HR 22 juni 2018, ECLI:NL:HR:2018:981
1. Van bewust roekeloos handelen in de zin van art. 8:1064 BW is sprake wanneer de aansprakelijk gestelde persoon het aan de gedraging verbonden gevaar kent en zich ervan bewust is dat de kans dat het gevaar zich zal verwezenlijken aanzienlijk groter is dan de kans dat dit niet zal gebeuren, maar hij zich door dit een en ander niet van dit gedrag laat weerhouden. Die maatstaf geldt ook in gevallen waarin sprake is van een vaststaand gevaar, bijvoorbeeld in gevallen van schade door het gebruik van een ondeugdelijk vervoermiddel.
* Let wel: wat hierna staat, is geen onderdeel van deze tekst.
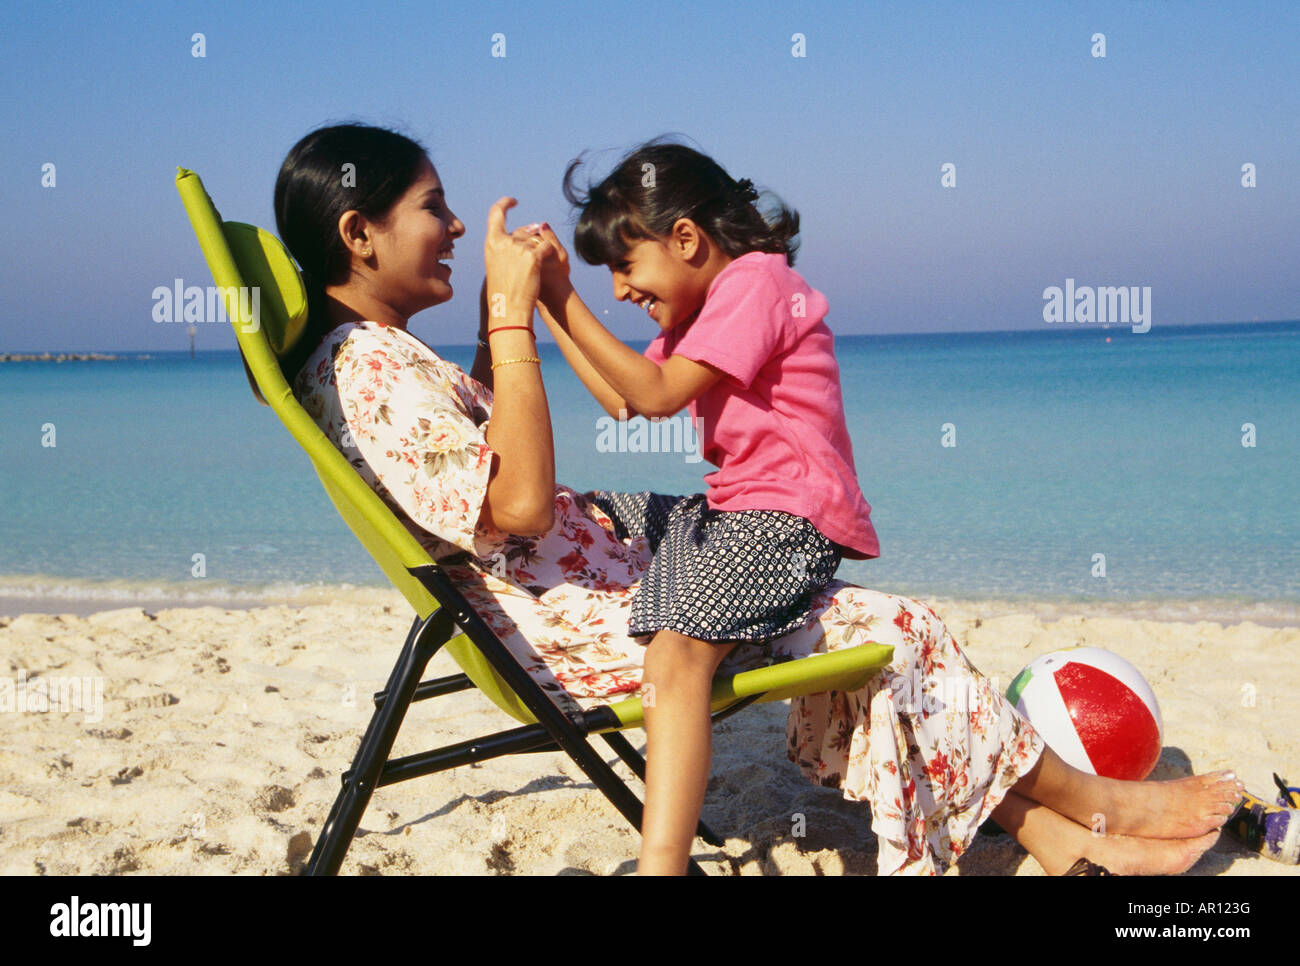 A mother and daughter cherishing happy moments on the beach. Stock Photo

2. Bij de beoordeling van de beroepsaansprakelijkheid van een cassatieadvocaat gaat het erom of het gebrekkige cassatieberoep (als dat niet gebrekkig was geweest) tot vernietiging zou hebben geleid en, zo ja, hoe na verwijzing over de zaak zou zijn geoordeeld. De rechter dient bij de hiervoor bedoelde beoordelingen uit te gaan van de stand van de rechtsontwikkeling op het moment waarop – de beroepsfout weggedacht – over de vordering of het rechtsmiddel zou zijn geoordeeld.
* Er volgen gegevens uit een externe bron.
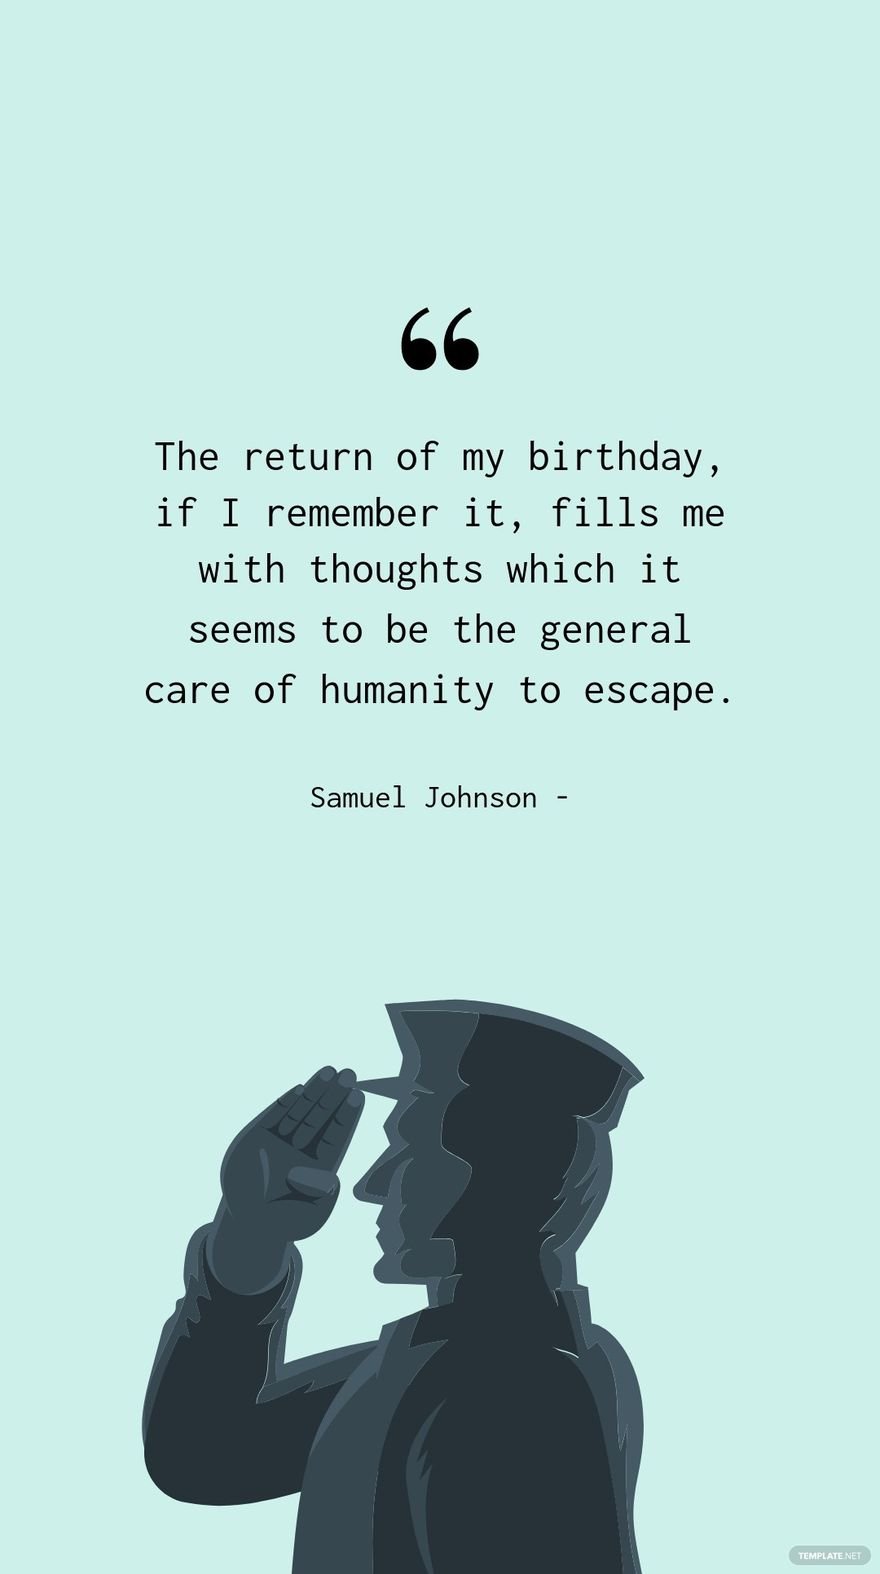 Free Samuel Johnson - The return of my birthday, if I remember it, fills me with thoughts which it seems to be the general care of humanity to escape. in JPG

Beperking van aansprakelijkheid na aanvaringen
Scheepseigenaren en nog een aantal partijen kunnen onder voorwaarden het recht hebben hun aansprakelijkheid voor schade bij een aanvaring te beperken, door bepaalde fondsen te stellen. Dat was vroeger geregeld in het Wetboek van Koophandel en tegenwoordig in art. 8:750 BW en verder voor zeeschepen en in art. 8:1060 BW en verder voor binnenschepen. Beperking van aansprakelijkheid is niet mogelijk bij “opzet die schade te veroorzaken, hetzij roekeloos en met de wetenschap dat die schade er waarschijnlijk uit zou voortvloeien” (art. 8:1064 BW). “Roekeloos” is volgens vaste rechtspraak van de Hoge Raad: wanneer de aansprakelijk gestelde persoon het aan de gedraging verbonden gevaar kent en zich ervan bewust is dat de kans dat het gevaar zich zal verwezenlijken aanzienlijk groter is dan de kans dat dit niet zal gebeuren, maar hij zich door dit een en ander niet van dit gedrag laat weerhouden.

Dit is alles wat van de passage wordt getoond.